One of his daughters wanted to make a Friday reservation for dinner at Kyclades, the Greek tavern just outside of the train station, to celebrate the date. But Tsoumas said no. “I don’t want my kids to spend money on me. Also, Friday my head is going to be like this,” he said, making a gesture as if it was exploding. He has already started cleaning the shelves from his corner kiosk and the void of the missing objects has been hard on him. As the flowers surrounding him dwindle in numbers—his last purchase was at the beginning of the week—Tsoumas was left reflecting on his memories and his life decisions.

Peter was born Periklís Tsoumas in March of 1948 in the idyllic Western Greek coastal town of Nafpaktos, where young people live a “beautiful life,” in his words, and where Greek mythology says descendants of Hercules built a fleet to invade the Peloponnese.

When he was seven years old, young Tsoumas picked up a book about the US and later that night summarily decided he was going to go to America. His father thought his son had gone mad, but Tsoumas just said, “Yes, I read a book, it says so many nice things.” And so when he turned 20, he traveled to New York. The year of his arrival, he opened the first store in Jamaica and soon after that married his wife, also of Greek descent. “Thank god, I’m happy,” he said.

Although the imminent shutdown of the L train station would have forced Tsoumas to close his shop anyway, he thinks the train repairs came at the right time. “My energy is no good no more,” he said with his heavy Greek accent. “I can’t do it no more, I’m tired.”

Tsoumas remembered that when he first started his business, flower concessions such as Gus Florist, Flowers for all Occasions populated the train stations in the city. Regular folk bought flowers everyday; they “needed” the flowers, he said. Fridays was a particularly good sales day, as were the long dreary days of winter. But now, the money was to be found doing flower arrangements for weddings, funerals or parties, “nothing else.” Tsoumas bemoaned that young people don’t “believe” in flowers anymore and the big retail companies are snuffing out small tradesmen with their wholesale prices.

As we spoke, an elderly woman with big eyes approached the stand and rested her cane against one of the station’s columns as she gazed at the bouquets. Tsoumas came out from behind the flowers and told her he wouldn’t be there next week. “I have bad news, I’m leaving. I’m retiring,” he said, leaning briefly into her.

“Oh, congratulations!” the woman replied and patted him gently on the chest.

“Thank you so much, I appreciate it,” he said.
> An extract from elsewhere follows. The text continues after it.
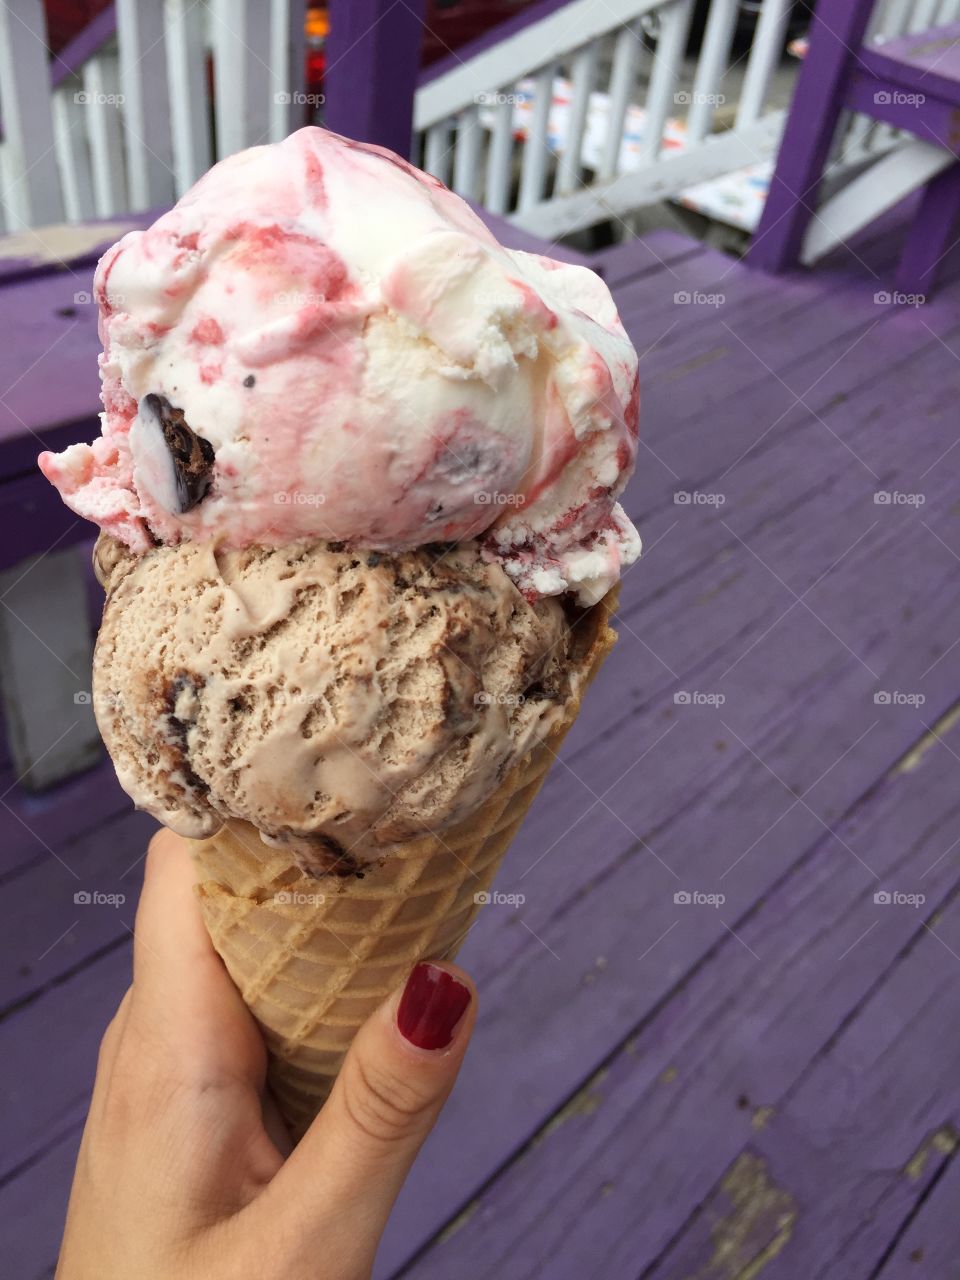 Person's hand holding ice cream cone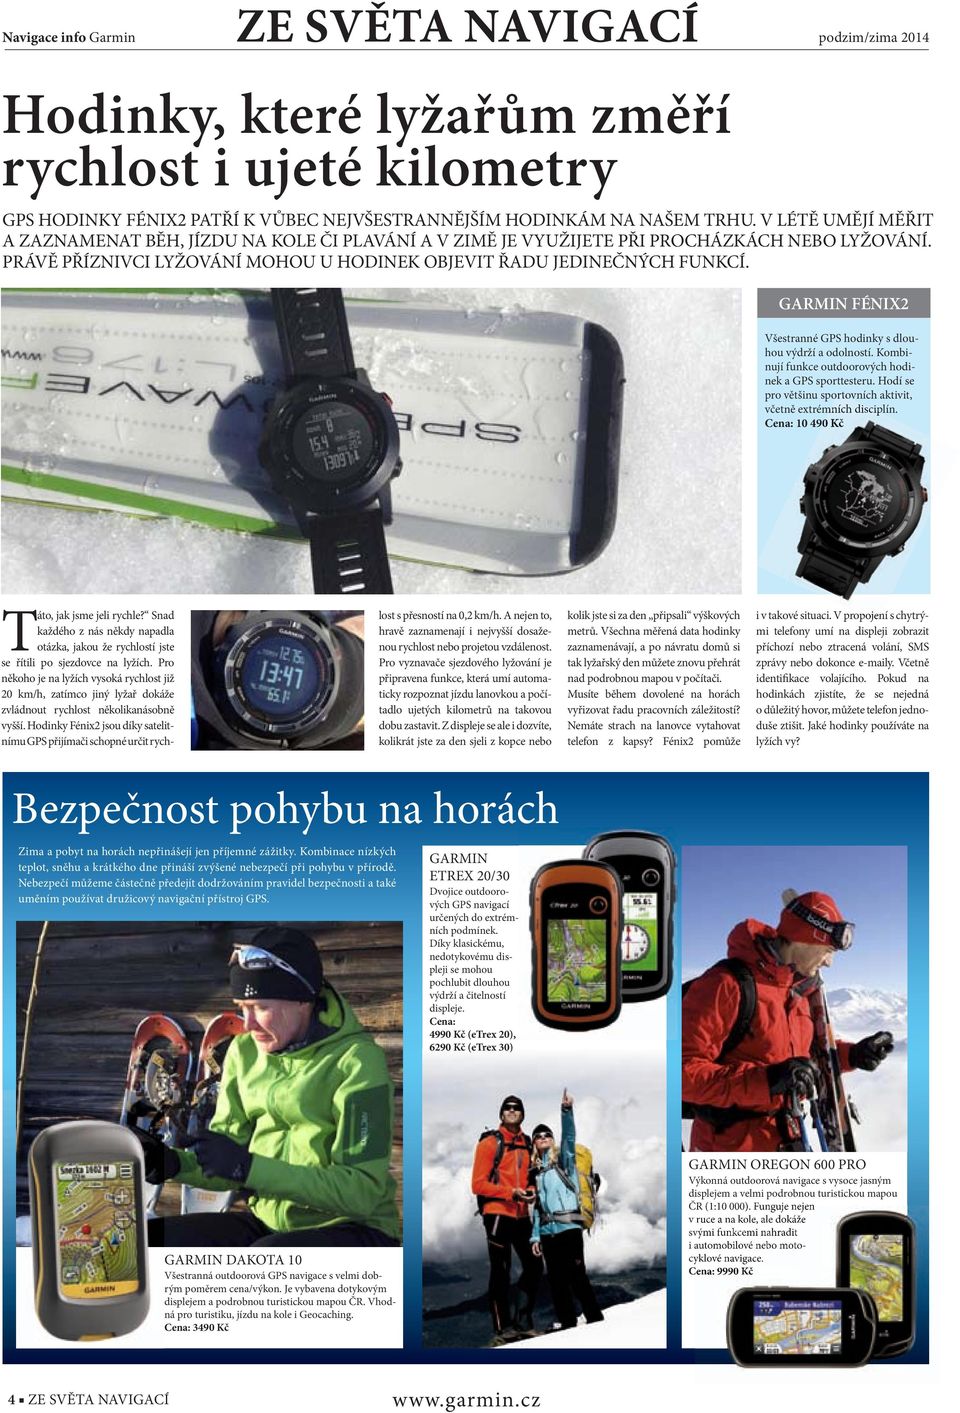 GARMIN FÉNIX2 Všestranné GPS hodinky s dlouhou výdrží a odolností. Kombinují funkce outdoorových hodinek a GPS sporttesteru. Hodí se pro většinu sportovních aktivit, včetně extrémních disciplín.

The gray-haired woman said that she had known Tsoumas for at least 20 years and that whenever she visited the neighborhood she would get flowers from him. She wished him good luck and reminded him to keep doing “something” after retirement.

He nodded, smiling. That is a fear he has: stopping. “If I make it past the first six months I have a long life ahead of me,” he said, sitting back on his black and metal stool. He compared himself to an old car. If you keep it running, it will sputter along. But if you stop the engine, “kaput!” Tsoumas interjected. “But the car goes to the garbage… Me? I go six feet down.”

Cognizant of this, the flower man has his first months of retirement carefully mapped out: on July 6 he travels to his hometown—the place with the long history and crystalline-water beaches. Family members will take turns traveling to meet him at the house he and his wife have there. Tsoumas flies back to New York in September.

The prospect of spending a lot of time with his three granddaughters excites him. “One week, two weeks I stay home and relax. And after that? Tell me,” he asked, shuffling his white tennis shoes back and forth.

He’s thinking that even with the flower concession gone, once a month he might visit the neon-lighted station that provided him with his livelihood so that he can hang around and greet his formerly faithful clientele. One of those customers, a spectacled man clad in elegant wine-colored pants and a vest, approached Tsoumas’ corner.

“Hey Peter, how you feeling, man?” he asked.

“I’m okay,” Tsoumas replied, his squinting face quickly breaking into a beaming smile.

On Friday, Tsoumas will end his professional life giving away whatever flowers he doesn’t sell.